Instructor Information

Instructor: Luis Ortiz
Email: le [last name] at cs followed by .stonybrook and finally .edu
Office: 2313-c
Phone: (631) 632-1805
Office Hours: TBD; for now, by appointment (please e-mail me in advance)

Course Description

A course on the fundamental concepts behind intelligent systems that autonomously learn to perform a task and improve with experience. The course will cover learning frameworks and problem formulations, standard models, methods, computational tools, algorithms and modern techniques, as well as methodologies to evaluate learning ability and to automatically select optimal models. Simple applications to areas such as computer vision (e.g., character and digit recognition), natural-language processing (e.g., spam filtering) and robotics (e.g., navigating complex environments) will motivate the coursework and material.

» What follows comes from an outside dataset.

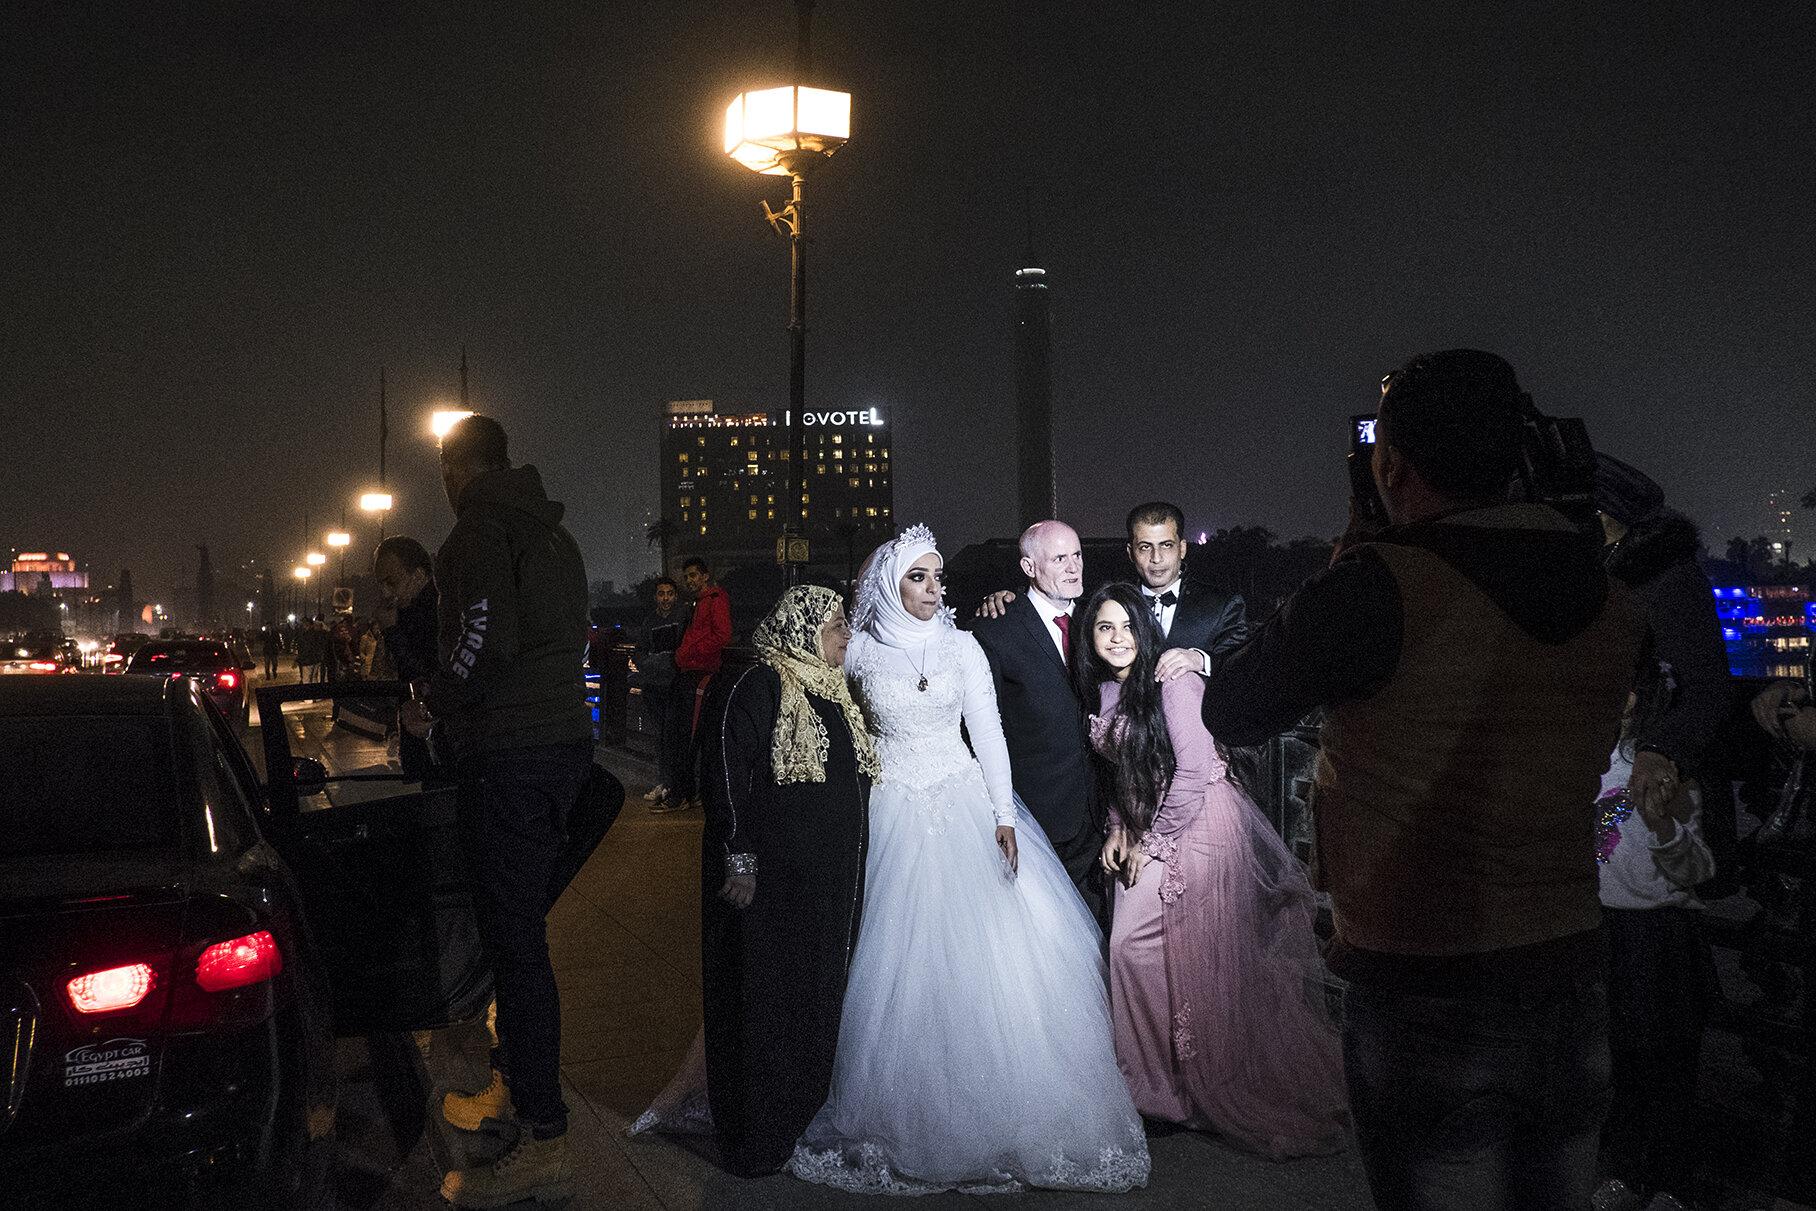 Egyptian girl marry Egypt: Ancient

Roughly speaking, machine learning techniques strive to automatically acquire expertise to effectively perform a task of interest by efficiently processing task-related information, such as a (usually large) data set of examples, and successfully extracting and generalizing knowledge embedded within the available information.

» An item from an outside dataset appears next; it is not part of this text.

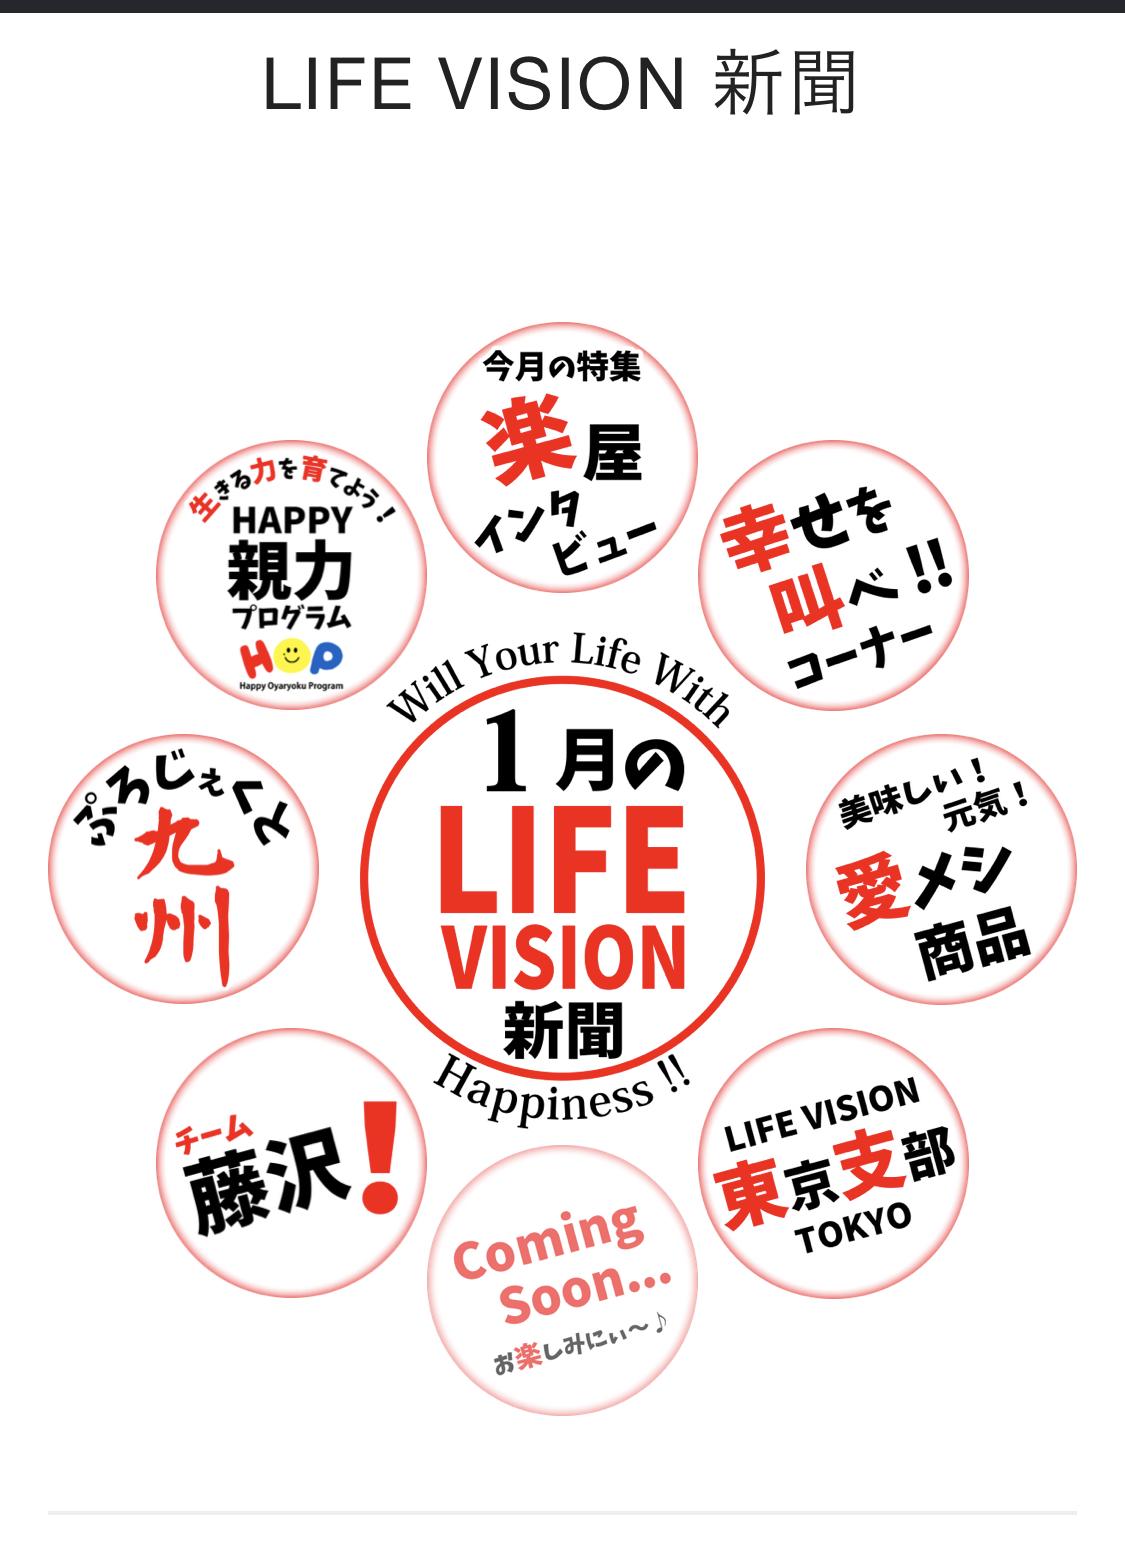 LIFE VISION 新聞✨ 登場〜✨❣️

There is growing demand for computer scientists with proficiency in machine learning. For example, the advent of technology for the collection of vast amounts of digital data, such as that generated by an ever expanding population of Internet users, has increased interest in the development of machine learning software applications. Machine-learning-based technology such as driver assistance and voice-activated systems in cars, automatic system personalization and adaptation to individual user preferences and behavior, speech-driven phone systems for customer service, speech-to-text capabilities, recommender systems and e-mail spam filtering, are now commonplace.

Machine learning application areas include marketing, e-commerce, software systems, networking, telecommunications, banking, finance, economics, social science, computer vision, speech recognition, natural-language processing, and robotics. Some problems addressed using machine learning techniques include pattern recognition and classification, knowledge discovery and data mining, anomaly detection, credit/loan approval, credit-card fraud, quantitative trading, automatic categorization of very large collections, such as web pages, documents and images, effective ranking of web search results (e.g., Google's PageRank), face recognition, tracking, machine translation, and more recently, intelligent, adaptive control of virtual player behavior in video games, smart debugging of computer programs and memory management in operating systems. There is also recent interest in creating computationally tractable machine learning tools for recognizing and predicting general trends in individual or group behavior in large populations, such as spending behavior, adoption of new products, technology or habits, sharing in peer-to-peer systems, and predicting the development of online communities within large social networks such as Facebook.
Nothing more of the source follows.